Work request: Beginning with the line that contains "Big Time Data Logo", copy each subsequent line of the data below through the last one, including both ends but not the pictures.

Given data:
+++++

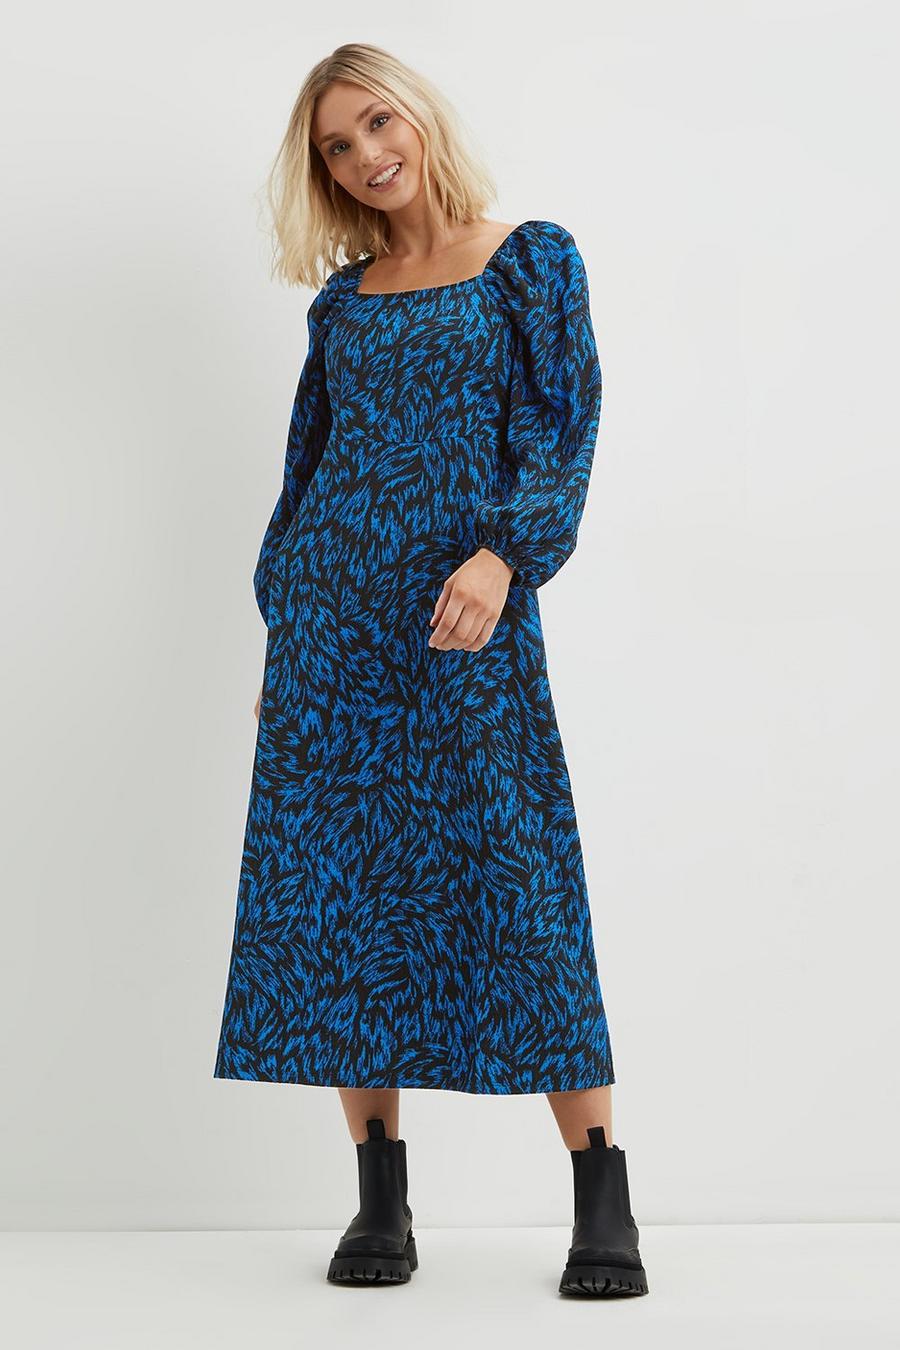 Petite Blue Printed Square Neck Midi Dress
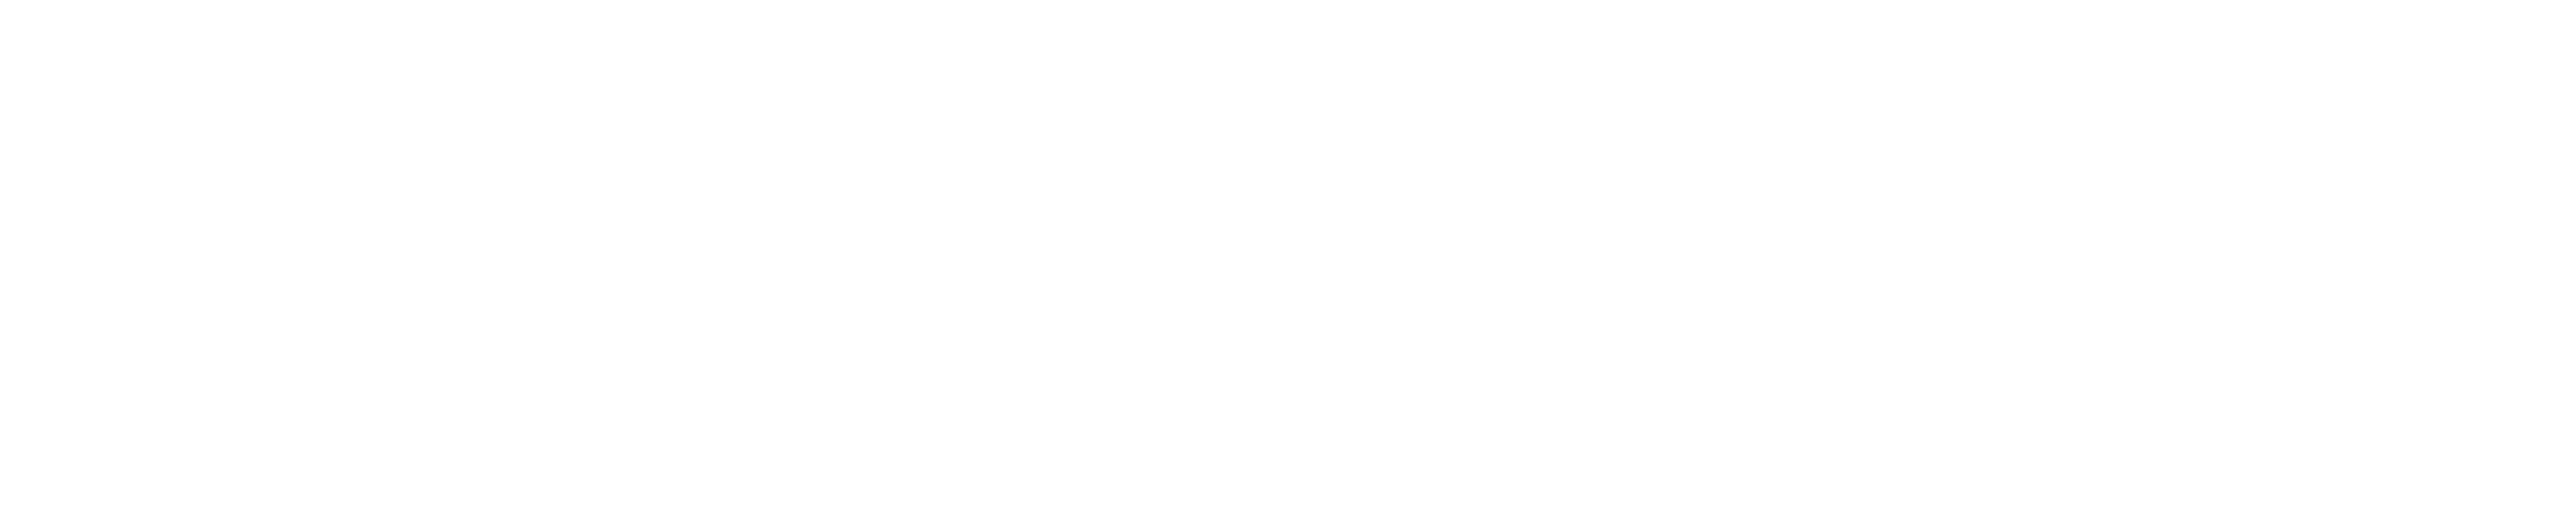 Big Time Data Logo
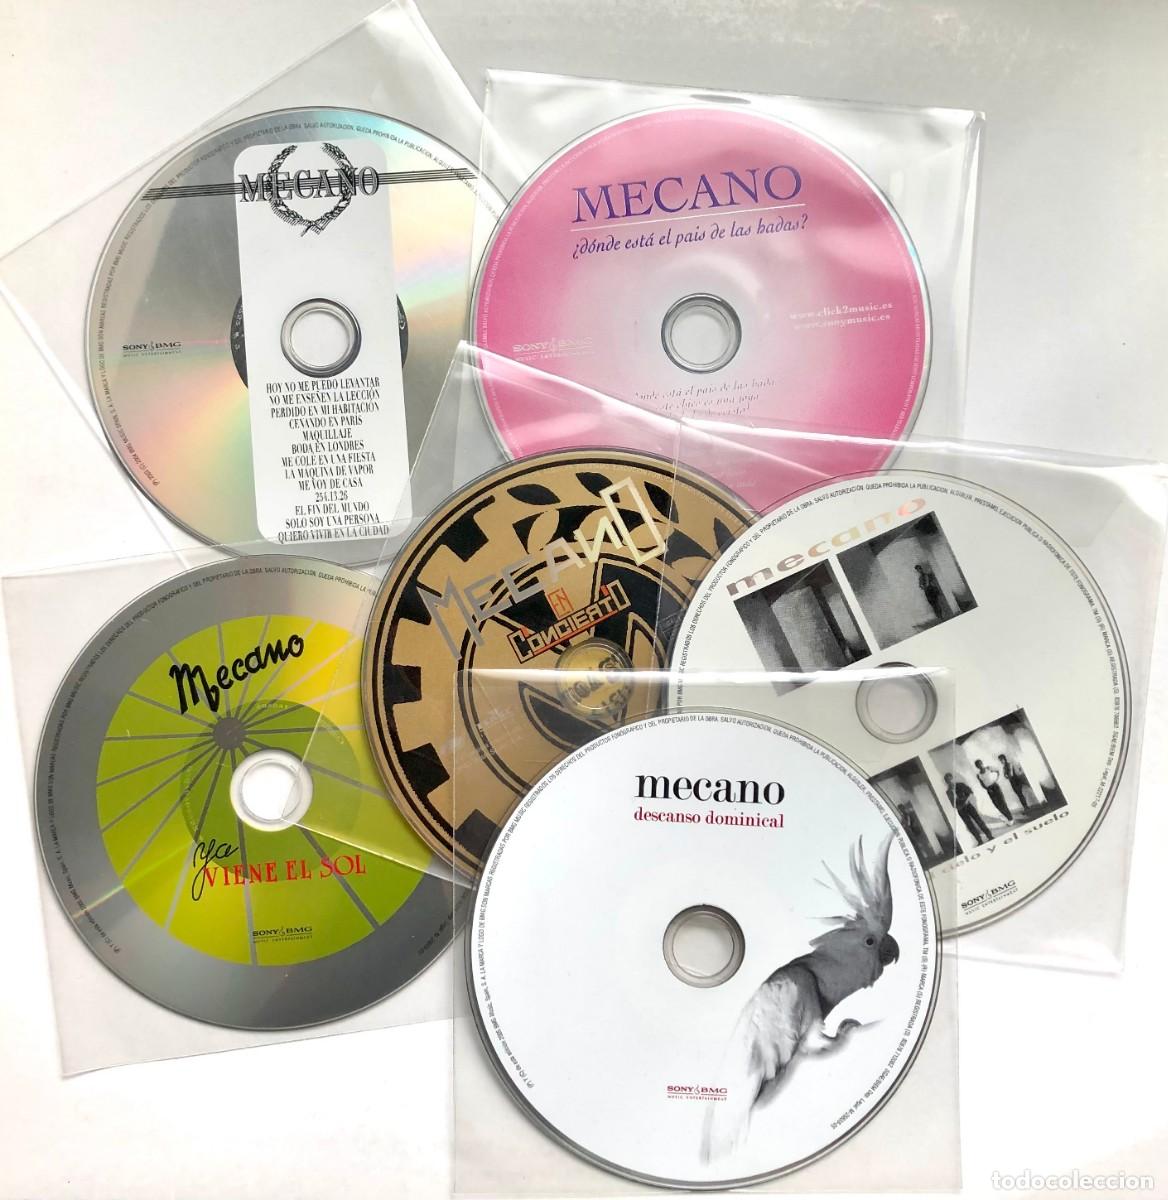 mecano colección 6 cd - Acquista CD di musica pop su todocoleccion

+++++

Reply to the task:
 Big Time Data Logo
 mecano colección 6 cd - Acquista CD di musica pop su todocoleccion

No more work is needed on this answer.